__RAW DATA__.
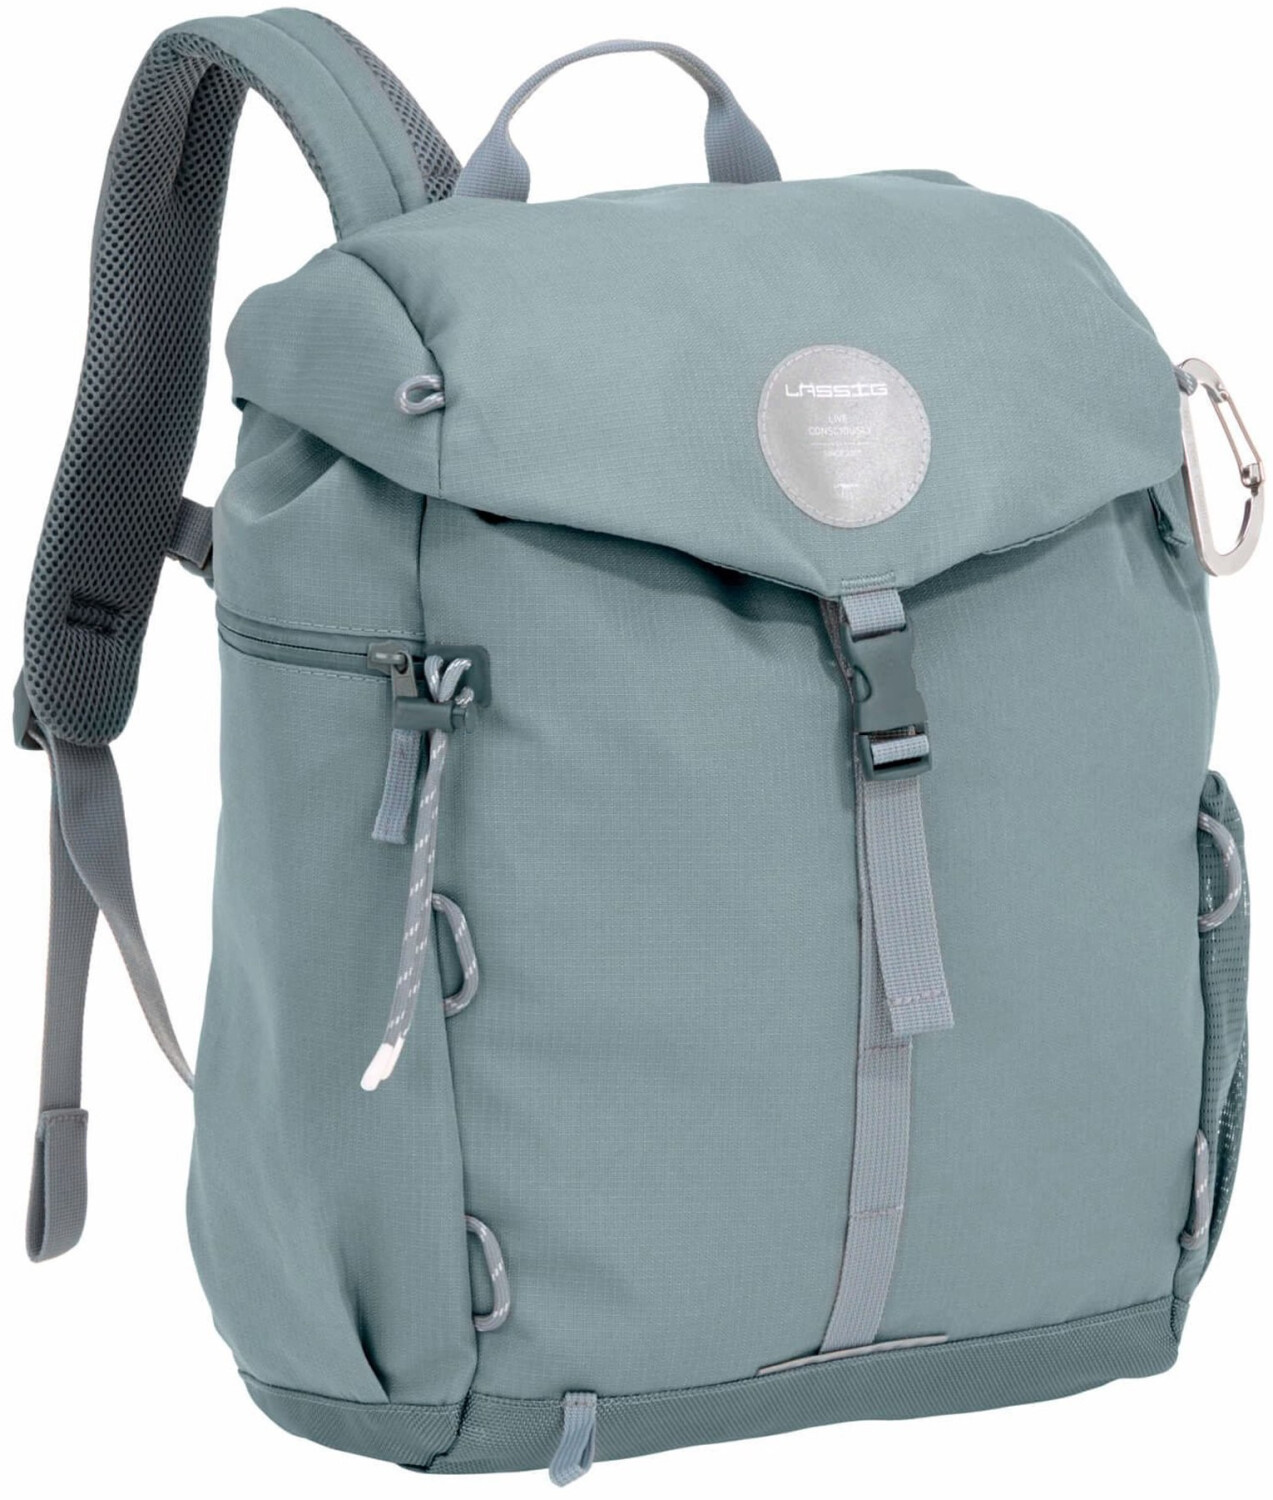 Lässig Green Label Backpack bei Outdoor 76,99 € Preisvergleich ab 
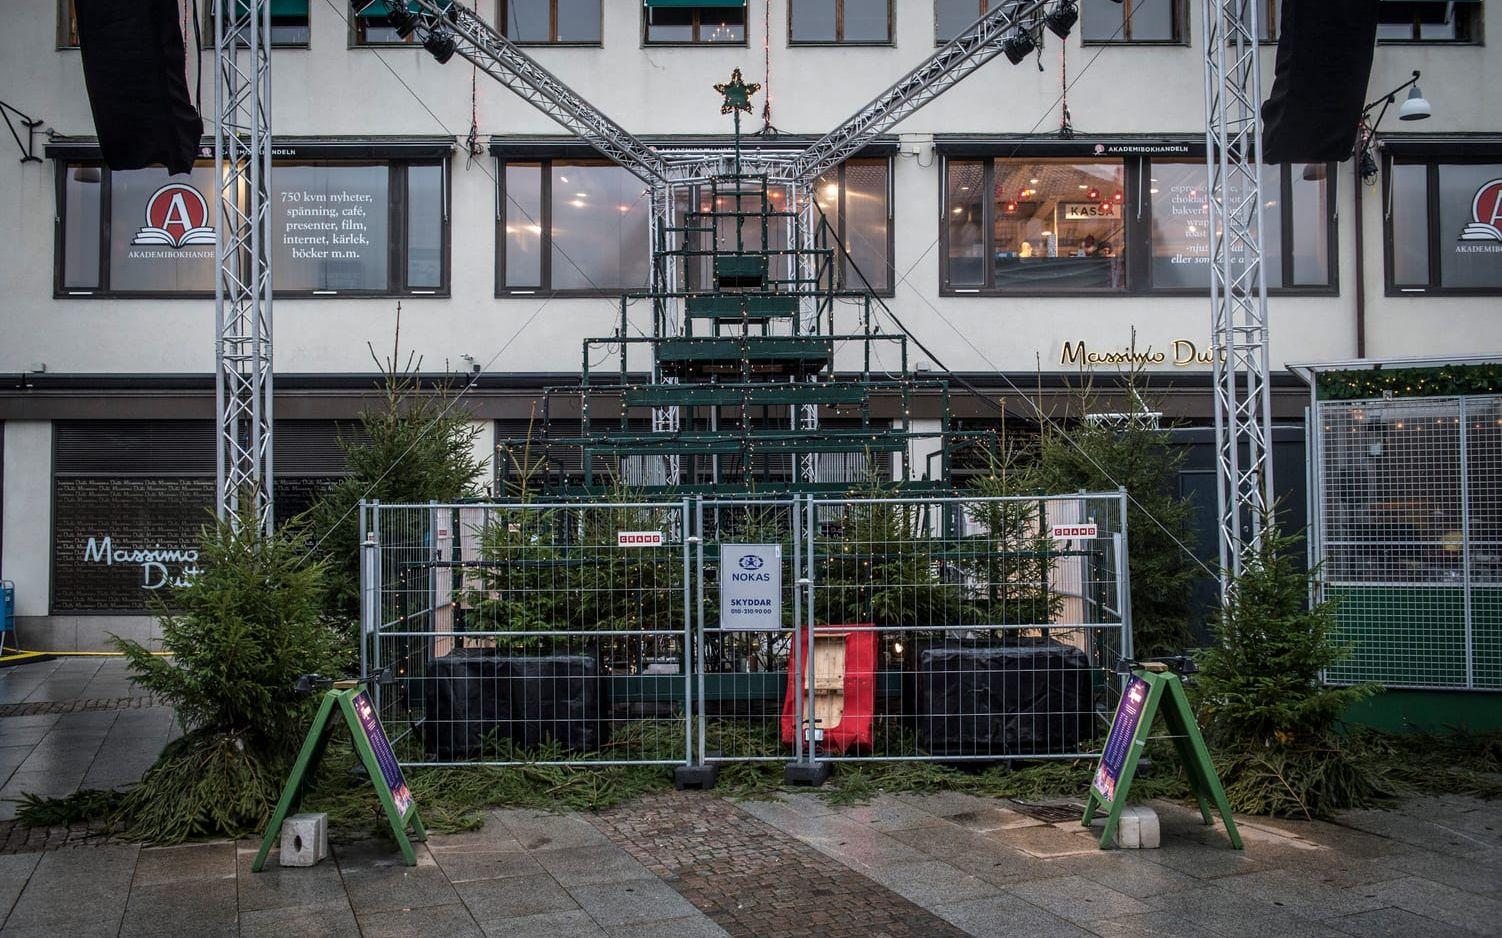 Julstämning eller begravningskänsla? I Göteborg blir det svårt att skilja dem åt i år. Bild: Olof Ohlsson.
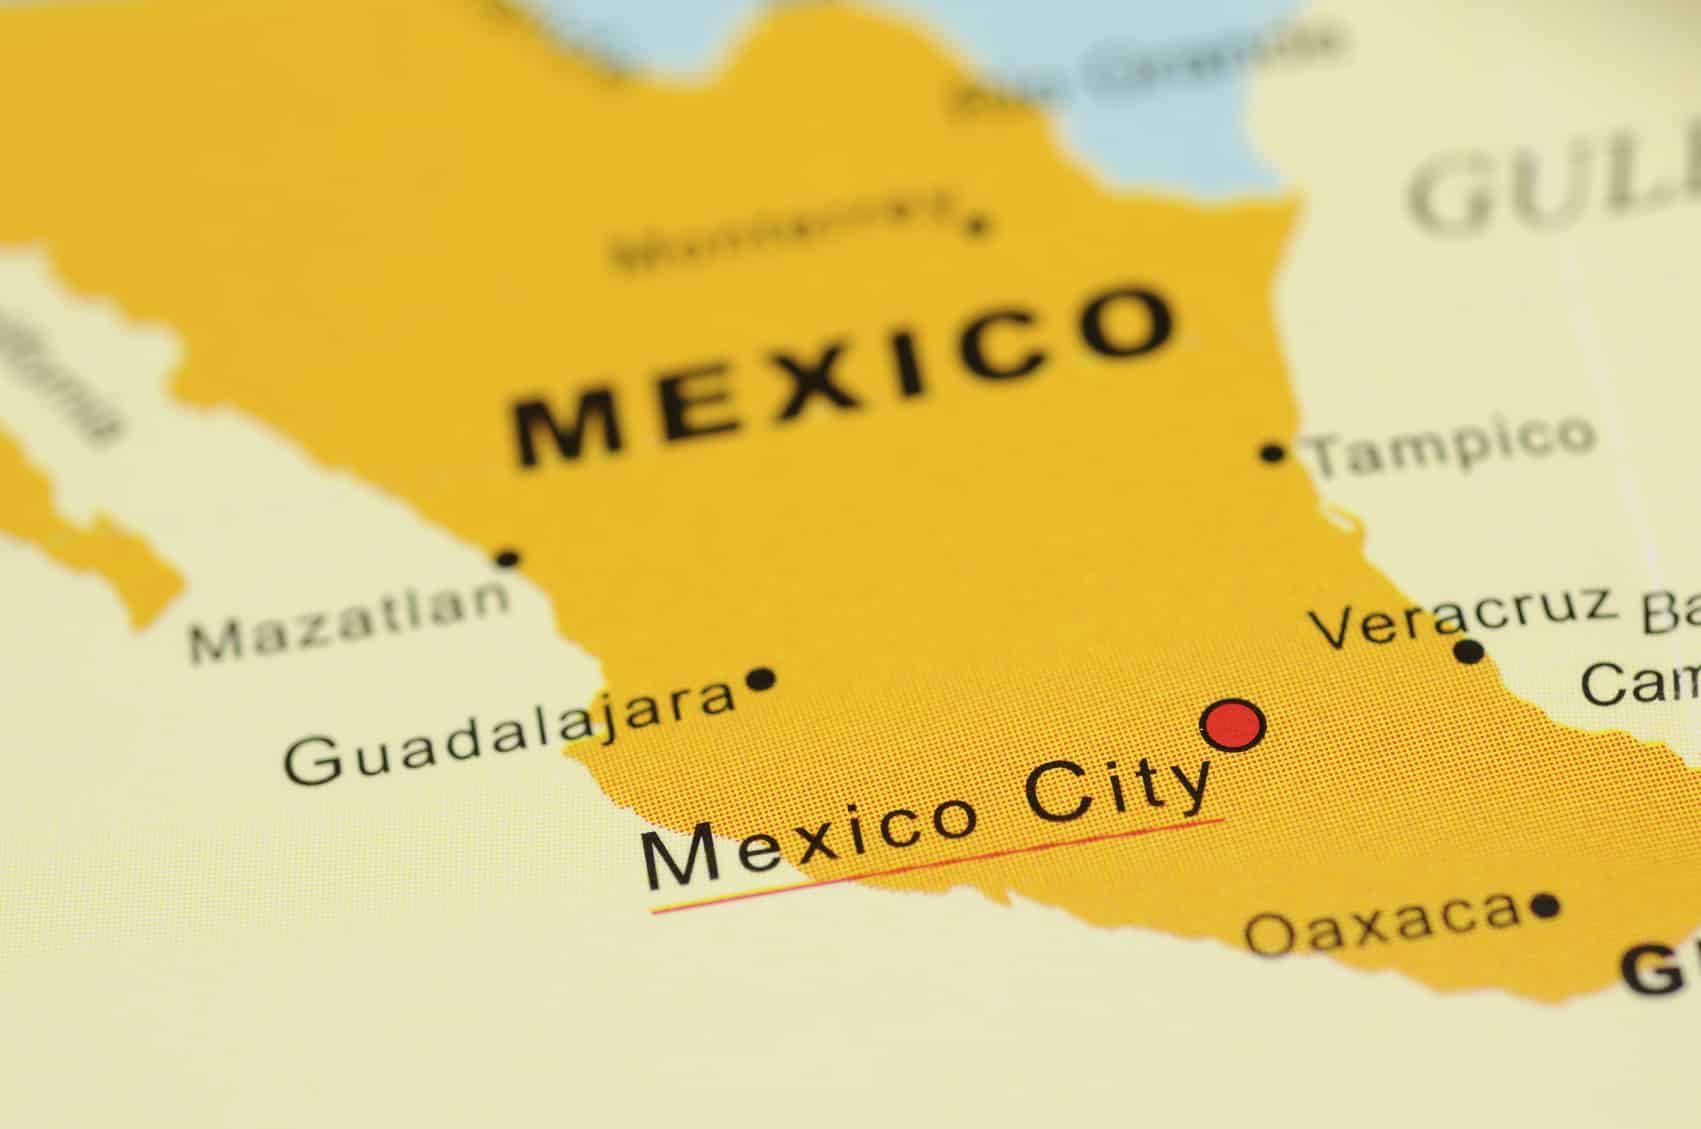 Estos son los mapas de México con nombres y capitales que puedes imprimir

__REQUIRED WORK__. The copy must reproduce the listing above verbatim and contain no pictures.

__ANSWER SECTION__.
 Lässig Green Label Backpack bei Outdoor 76,99 € Preisvergleich ab 
 Julstämning eller begravningskänsla? I Göteborg blir det svårt att skilja dem åt i år. Bild: Olof Ohlsson.
 Estos son los mapas de México con nombres y capitales que puedes imprimir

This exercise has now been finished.